▶ [DATA BELOW]:
######

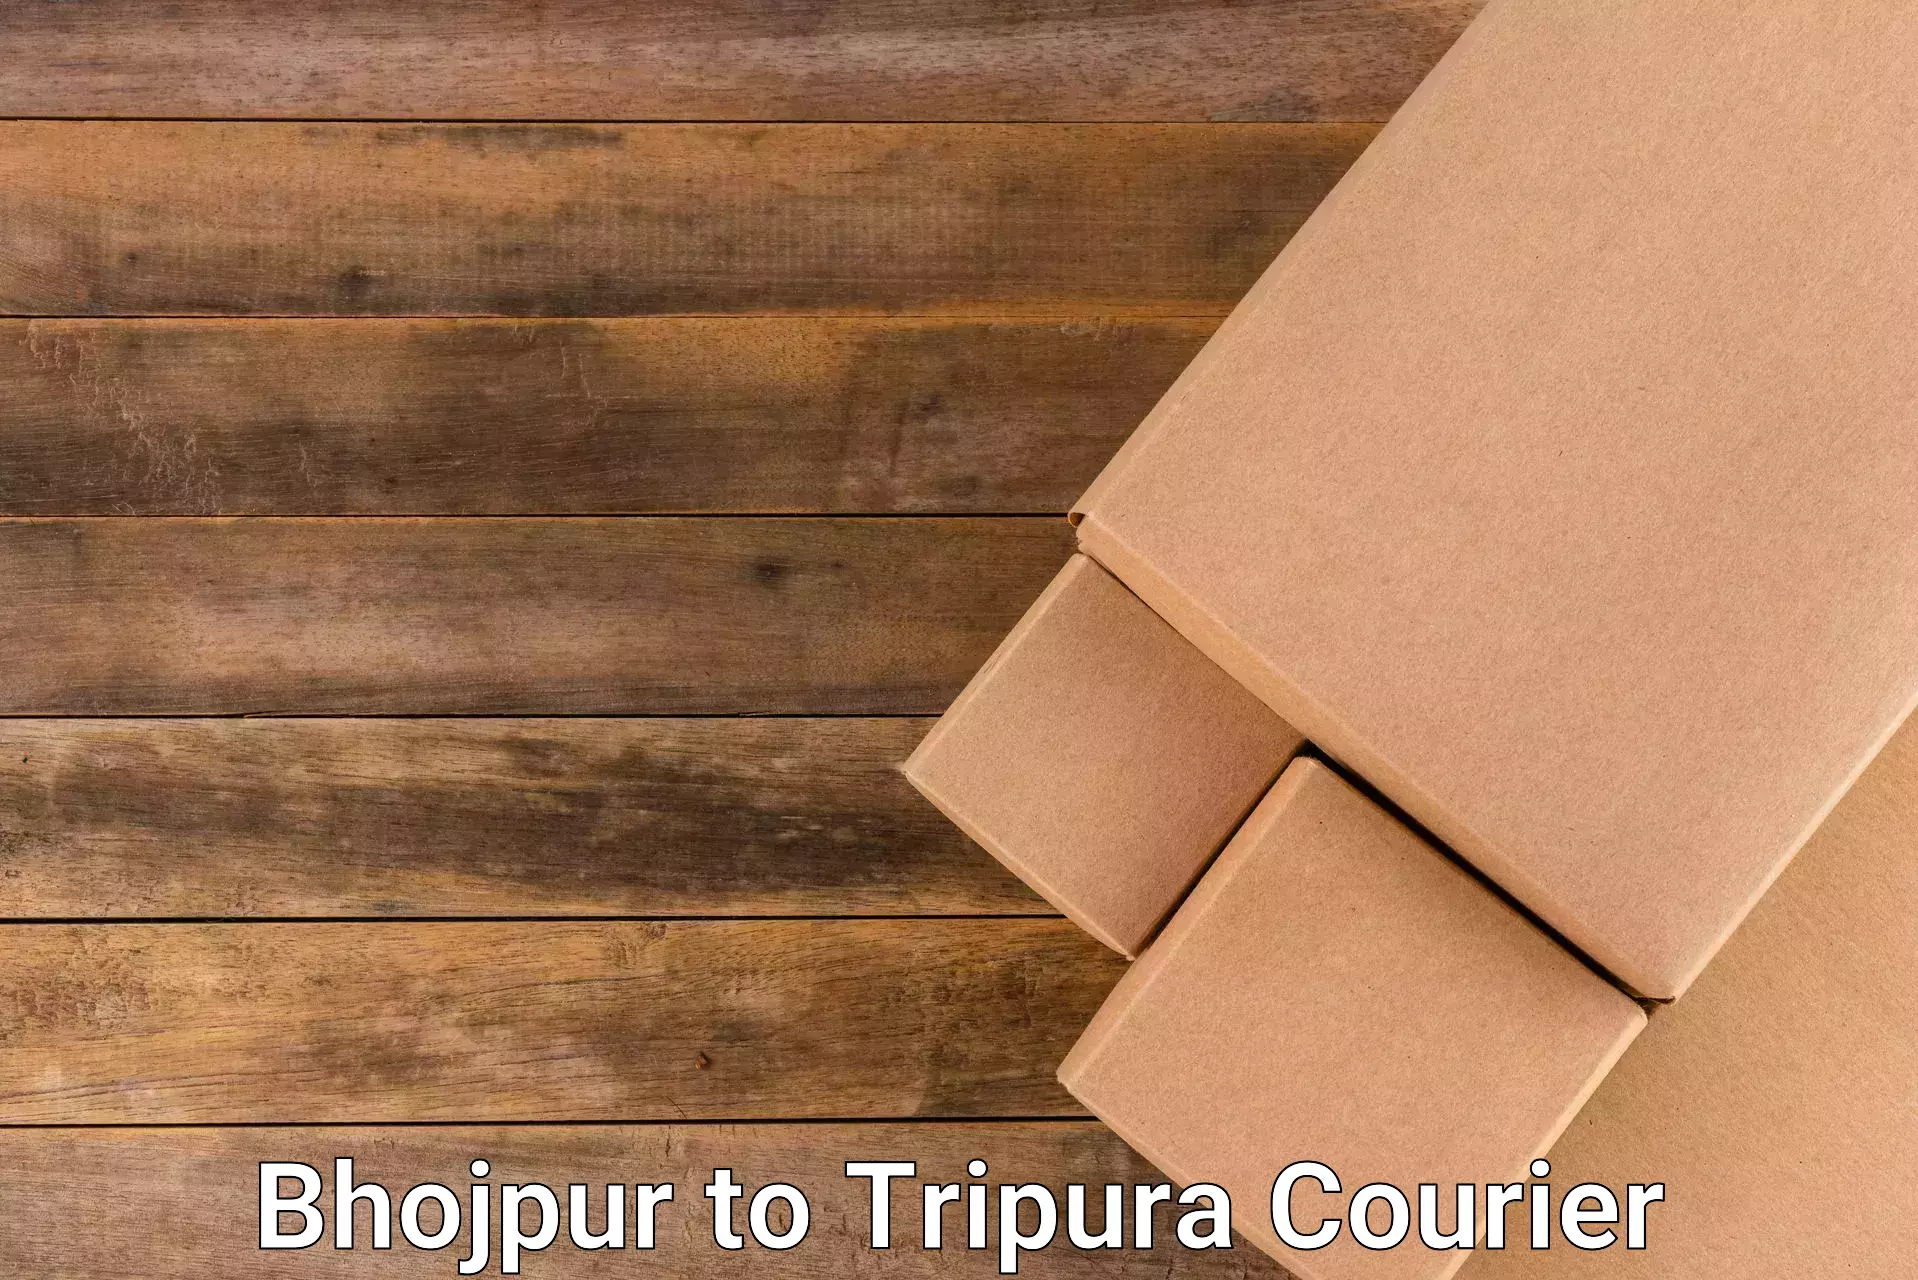 Express courier capabilities Bhojpur to Udaipur Tripura
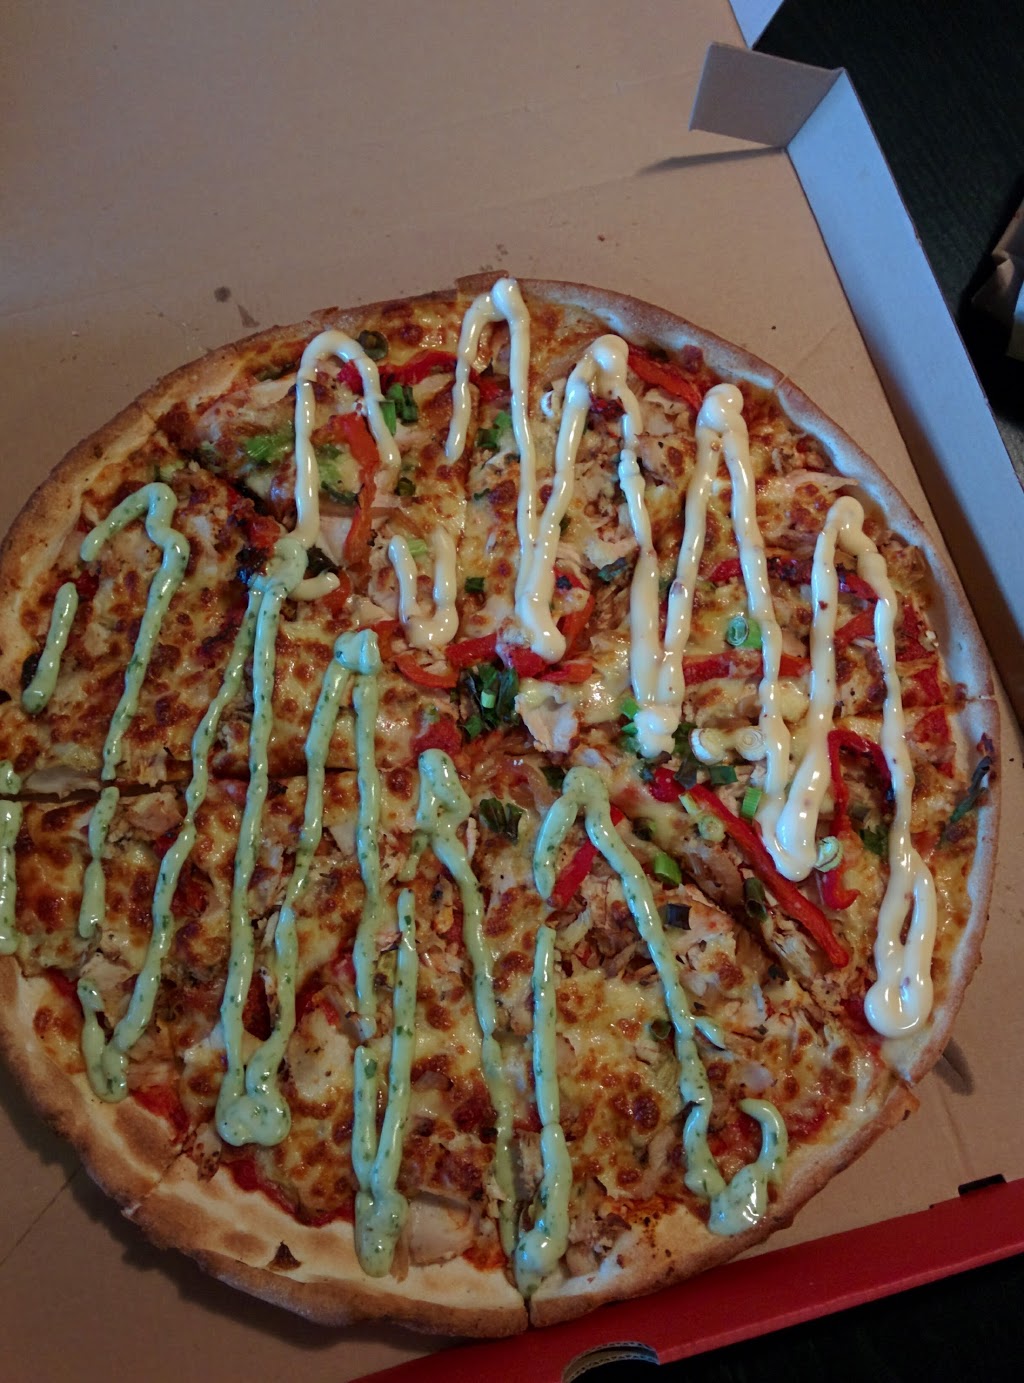 Red Horn Gourmet Pizza & Pasta | meal delivery | 2/645 Princes Hwy, Rockdale NSW 2216, Australia | 0295562020 OR +61 2 9556 2020
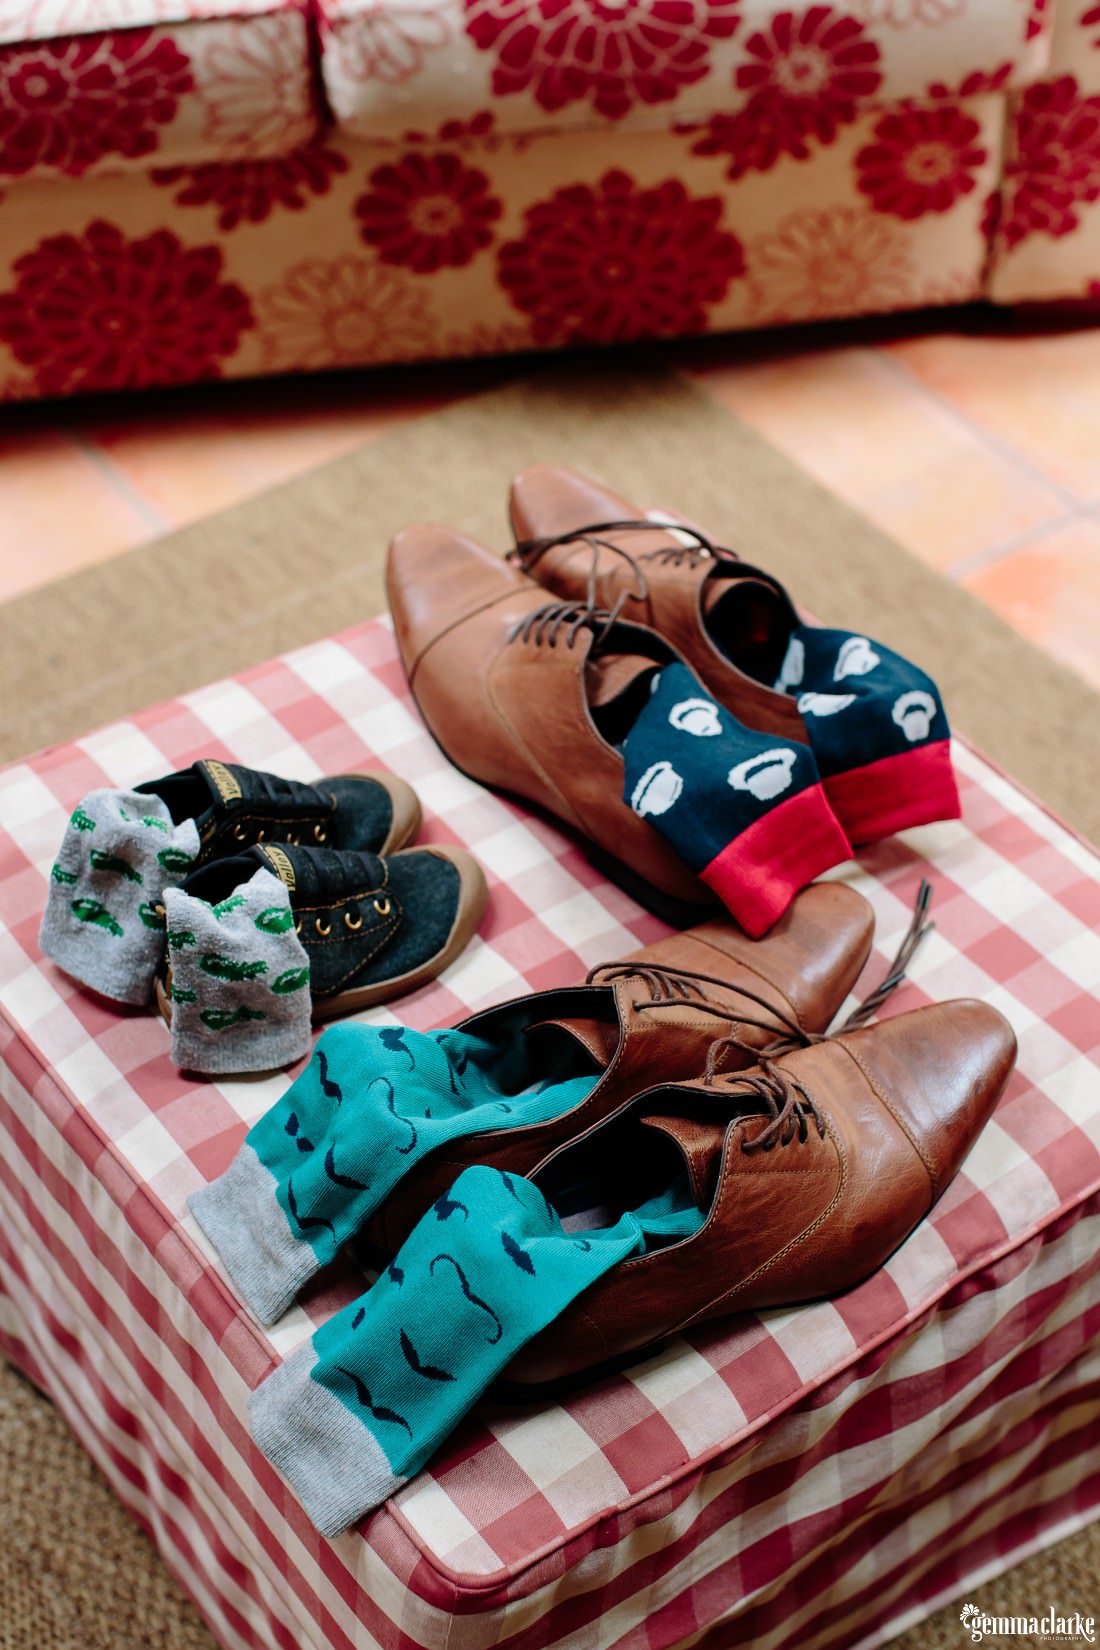 Two pairs of brown male adult shoes with socks and a small pair of young boys shoes and socks
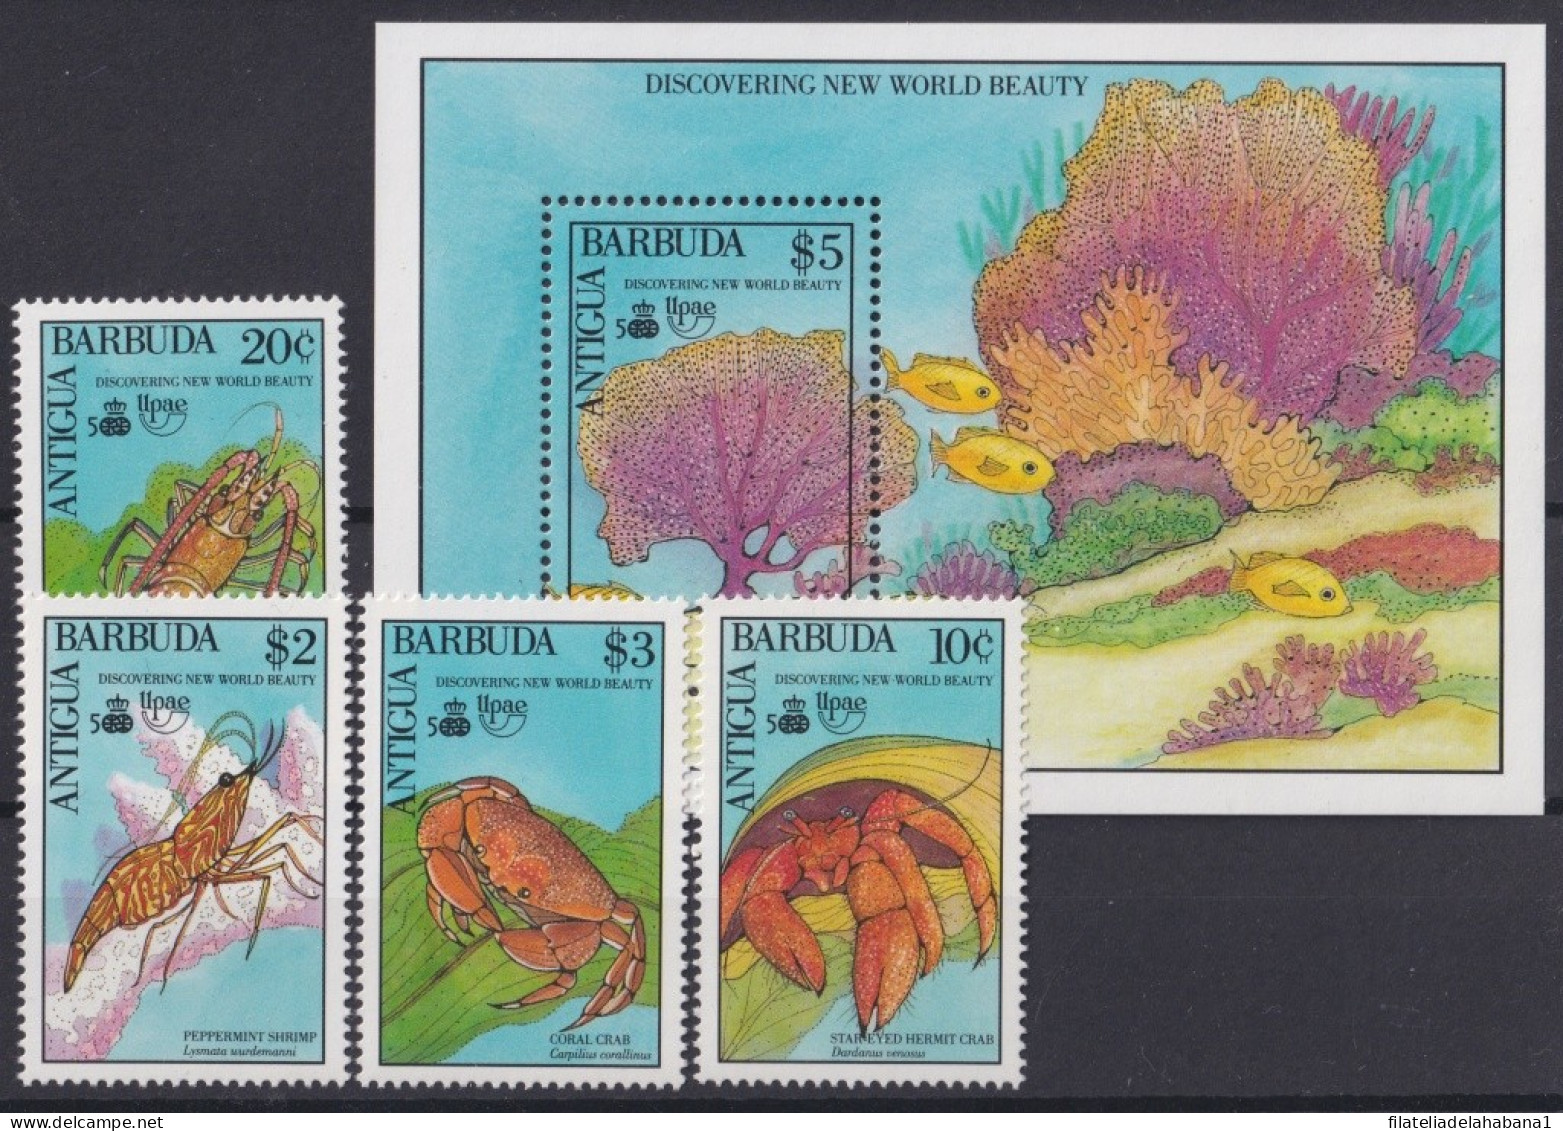 F-EX46037 ANTIGUA BARBUDA MNH 1990 UPAE DISCOVERY DISCOVERY CORAL LOBSTER.  - Crustaceans

######

▶ [TASK]: Leave out all pictures and extract exactly the lines from the line with "Red Horn Gourmet" through the end of the material.

▶ [RESPONSE AREA]:
 Red Horn Gourmet Pizza & Pasta | meal delivery | 2/645 Princes Hwy, Rockdale NSW 2216, Australia | 0295562020 OR +61 2 9556 2020
 Two pairs of brown male adult shoes with socks and a small pair of young boys shoes and socks
 F-EX46037 ANTIGUA BARBUDA MNH 1990 UPAE DISCOVERY DISCOVERY CORAL LOBSTER.  - Crustaceans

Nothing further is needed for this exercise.